Carlinhos: o desmonte

Carlinhos no Paço

Quando deixou o cargo de prefeito de São José dos Campos, no início de janeiro, após uma derrota acachapante nas urnas, Carlinhos Almeida (PT) mudou seu facebook. No lugar de prefeito, postou a frase: Eu sou o Carlinhos Almeida, "eu sou apenas um rapaz latino-americano". Deste então, ele tem evitado falar de política. Voltou a ser funcionário da Caixa Econômica Federal, deixou crescer a barba e pouco, ou quase nada, comenta sobre o governo de seu sucessor, Felício Ramuth (PSDB).

Esta é a primeira entrevista mais longa de Carlinhos.

Ela será publicada em três partes, para ser fiel ao pensamento do entrevistado. Nesta primeira parte, Carlinhos fala, pela primeira vez, sobre a gestão de Felício, critica a descontinuidade de alguns programas de seu governo, como o Escola Interativa, e analisa erros e acertos de seu governo. A segunda parte da entrevista vai tratar das "pedras no sapato" de Carlinhos --a perda de seus direitos políticos, determinada pela Justiça, e a citação de seu nome no caso Lava Jato. Na terceira, os projetos pessoais de Carlinhos, sem mandato pela primeira vez em quase 30 anos.

Boa leitura.



Carlinhos, boa tarde, obrigado pela entrevista. Vamos começar a falar de política: que balanço vocês faz dos quatro primeiros meses de mandato de seu sucessor, Felício Ramuth (PSDB)?

Quando deixei o cargo, disse, e os jornais registraram, que não seria um ex-prefeito de oposição, que ficaria dando palpite no governo de quem me sucedeu. Por isso, vou falar apenas de um ponto. 

Sempre trabalhei com a idéia de que você pode ter um programa, como eu tinha um programa, que em muitos pontos se diferenciava dos tucanos, mas você precisa ter uma continuidade administrativa. Porque? Porque a vida das pessoas não acontece de quatro em quatro anos. A vida das pessoas continua. A criança entrou na escola quando eu era prefeito, vai passar pelo Felício e às vezes até por um próximo prefeito.

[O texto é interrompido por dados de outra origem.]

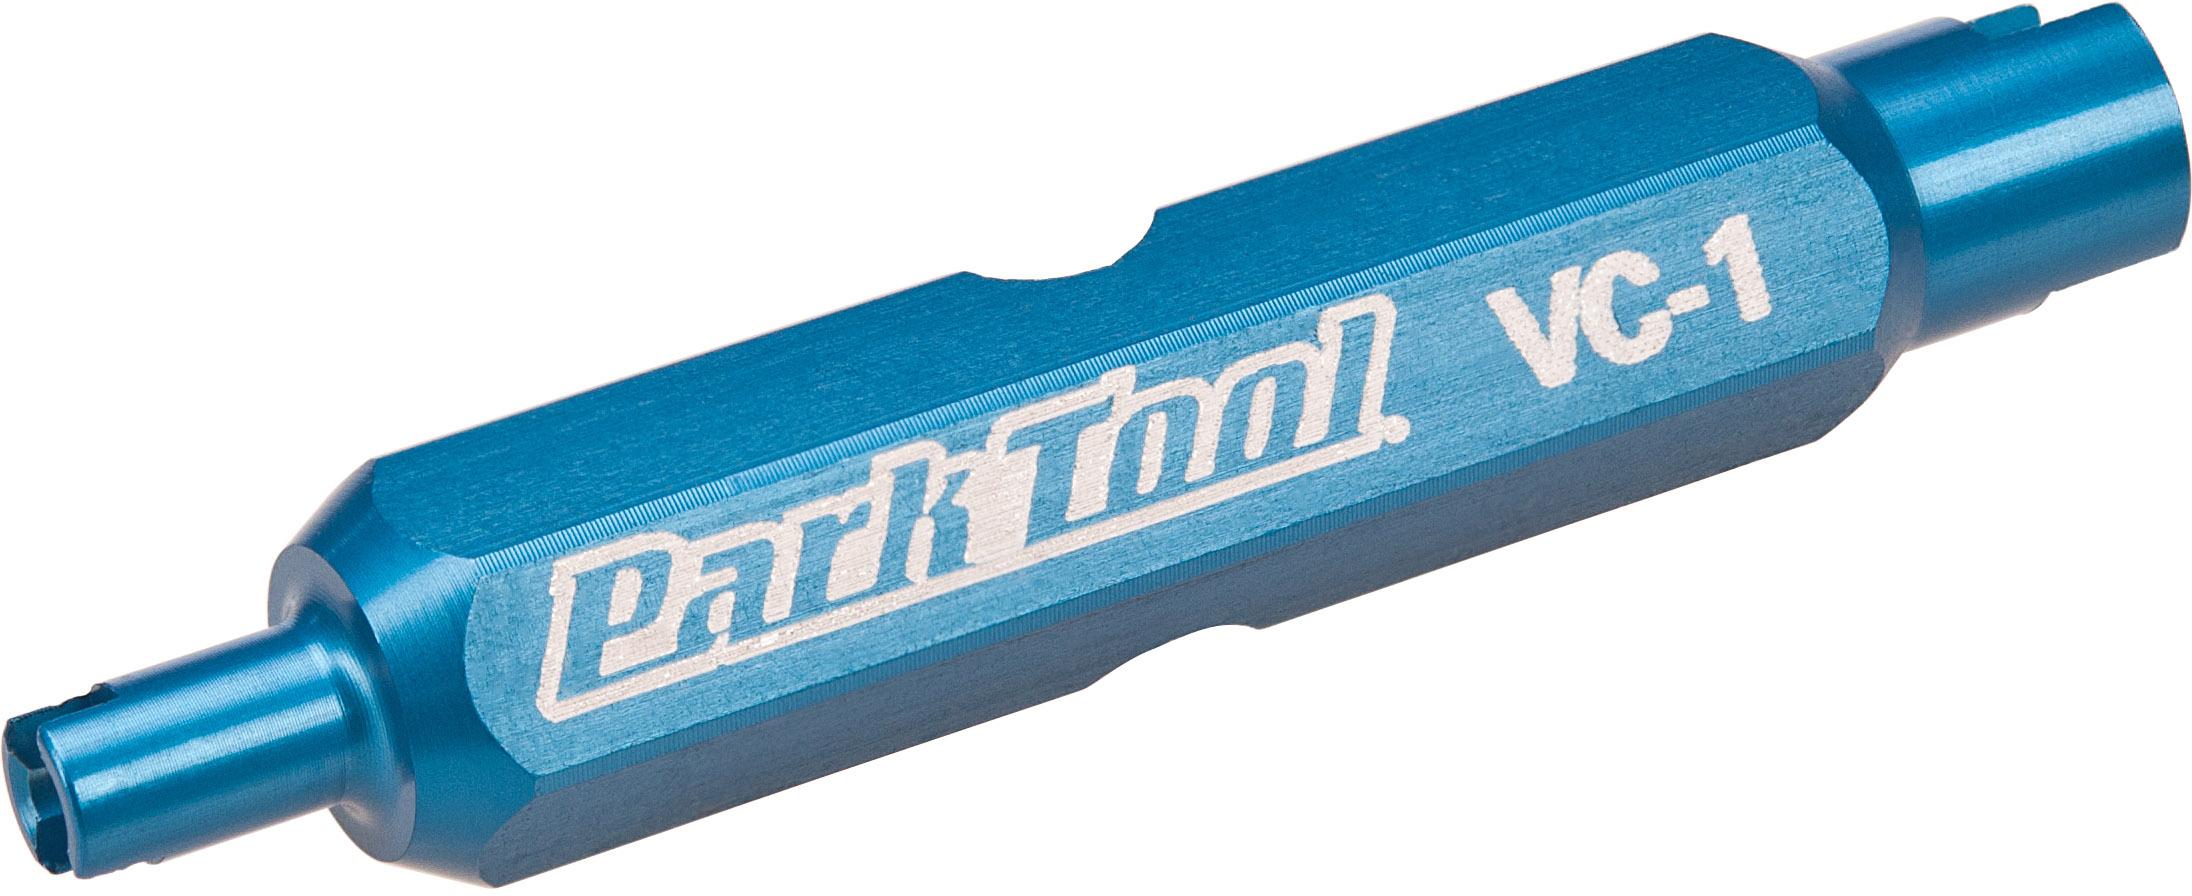 Park Tool Valve Core Tool Vc-1 - Blue

Então, a única coisa que eu falaria sobre a atual gestão é que eu tenho uma visão diferente sobre a continuidade administrativa. Eu acho que não é um bom caminho o caminho de você interromper projetos, de paralisar obras, de tentar desconstruir marcas anteriores. Acho que a população perde com isso.

Você agiu diferente?

Você é testemunha –até o Marcos Meirelles fez um comentário (em artigo no jornal "O Vale", republicado pelo blog)-- sobre a forma como eu atuei no Vicentina Aranha e no Parque Tecnológico. Estou dando dois exemplos, de coisas fortes, que foram iniciadas pelo meu antecessor e que eu, em nenhum momento, eu cogitei enfraquecer. Aliás, neste dois casos eu mantive inclusive os gestores, a Ângela (Tornelli) do Vicentina Aranha e o (Marco Antonio) Raupp do Parque Tecnológico.

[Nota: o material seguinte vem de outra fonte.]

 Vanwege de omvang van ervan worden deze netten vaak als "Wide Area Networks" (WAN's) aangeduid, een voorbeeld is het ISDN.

Agora,  em relação ao atual prefeito, eu apenas torço para que ele faça o melhor pela cidade. Acho que a cidade merece e precisa, principalmente em razão do momento em que estamos vivendo –e eu acho que não existe muita diferença entre o momento que eu passei e o momento atual, de crise política, de situação econômica do país, situação difícil das administrações--, mas também em relação ao momento da vida e da história de São José.

Diversos projetos e obras deixadas pelo seu governo foram colocados em xeque pela atual administração. O fim de algum deles foi mais duro para você?

Eu acho que é ruim para a cidade, por exemplo, não ter a continuidade da Escola Interativa e de todo conceito que está por trás da Escola Interativa na Educação. É o conceito de modernizar a escola, torná-la mais atraente e agradável, e, ao mesmo tempo, instrumentalizar os alunos para esta nova economia que cada vez mais se consolida, em que a tecnologia tem papel fundamental, onde a pesquisa e o conhecimento científico têm uma posição central. A Escola Interativa, junto com o Centro de Ciências, estava tudo voltado a uma modernização da escola, na qual São José deveria ser pioneira. Afinal, (São José) é a capital da tecnologia.

Uma das críticas sobre a Escola Interativa se baseia no número de tablets quebrados, encontrados no Almoxarifado da Educação e no custo do programa.

Olha, o projeto começou em 2014 e nós estamos em 2017, três anos. Equipamentos eletrônicos utilizados por crianças e por adolescentes, muitas vezes com uso intensivo, é normal que tenha um desgaste desse material. Mas a questão para mim não é o equipamento em si, a infra-estrutura sobretudo, mas o conceito. Nós criamos o LEDI (Laboratório de Educação Digital e Interativa), que foi desestruturado, que é um espaço onde os professores, os educadores, junto com técnicos, com o pessoal da universidade, formularam, formaram, avaliaram, durante todo o período, a Escola Interativa.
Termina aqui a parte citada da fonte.